We adapt the survey sampling approach. We further assume that the vector traces of all sequential elements are given as a result of functional simulation on the circuit.

Let m and n denote the total number of modules in the circuit and clock cycles in the input stream, respectively. Power dissipation of the jth module,  $M_j$ , at the ith clock cycle is denoted as  $p_{i,j}$  and represented by the < i, j > entry of a power log matrix, as shown in Figure 1. Note that this matrix is just for conceptual convenience in defining the population; the actual power values  $p_{i,j}$  are not known before estimation. Only the input vectors that will be used to simulate each entry are known from the vector traces of sequential elements.

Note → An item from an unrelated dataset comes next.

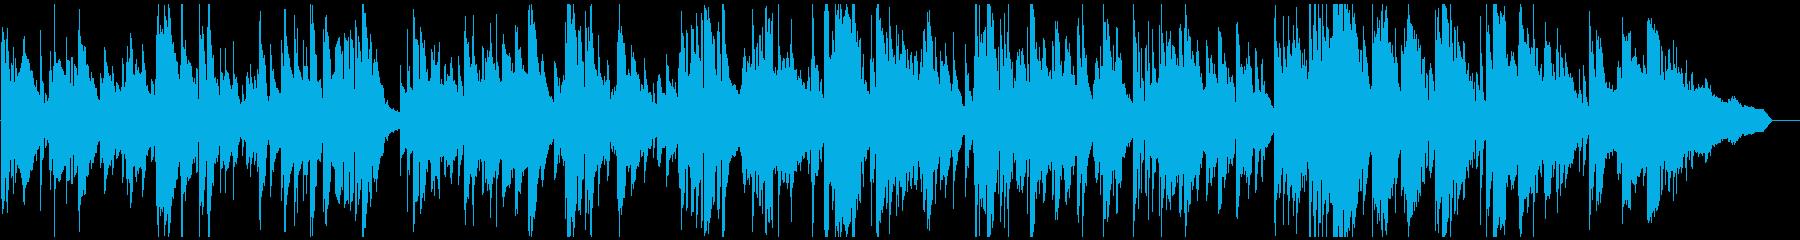 ソフトでスウィートな音色のスロージャズの再生済みの波形

The random variable representing the power consumption in each clock cycle of module  $M_j$  is denoted as  $P_j$  for j = 1, ..., m. E[X] and V[X] denote the mean and variance of random variable X, respectively. The random variable representing the circuit power in each clock cycle is denoted as  $P_s$  and can be written as

$$P_s = \sum_{j=1}^m P_j \tag{1}$$

One of the objectives in our techniques is to reduce sample granularity. To facilitate efficiency comparison against other sampling techniques, we define the notion of (simulation) workload. The workload for a sample, is calculated as the product of the number of transistors being simulated times the number of simulated cycles. Therefore, if a circuit consists of modules A and B (each having 10k transistors) is simulated for 30 clock cycles and the average power over the 30 cycles is used to produce one sample value, then the workload for the sample is



Figure 2: Oversampling in Monte Carlo simulation.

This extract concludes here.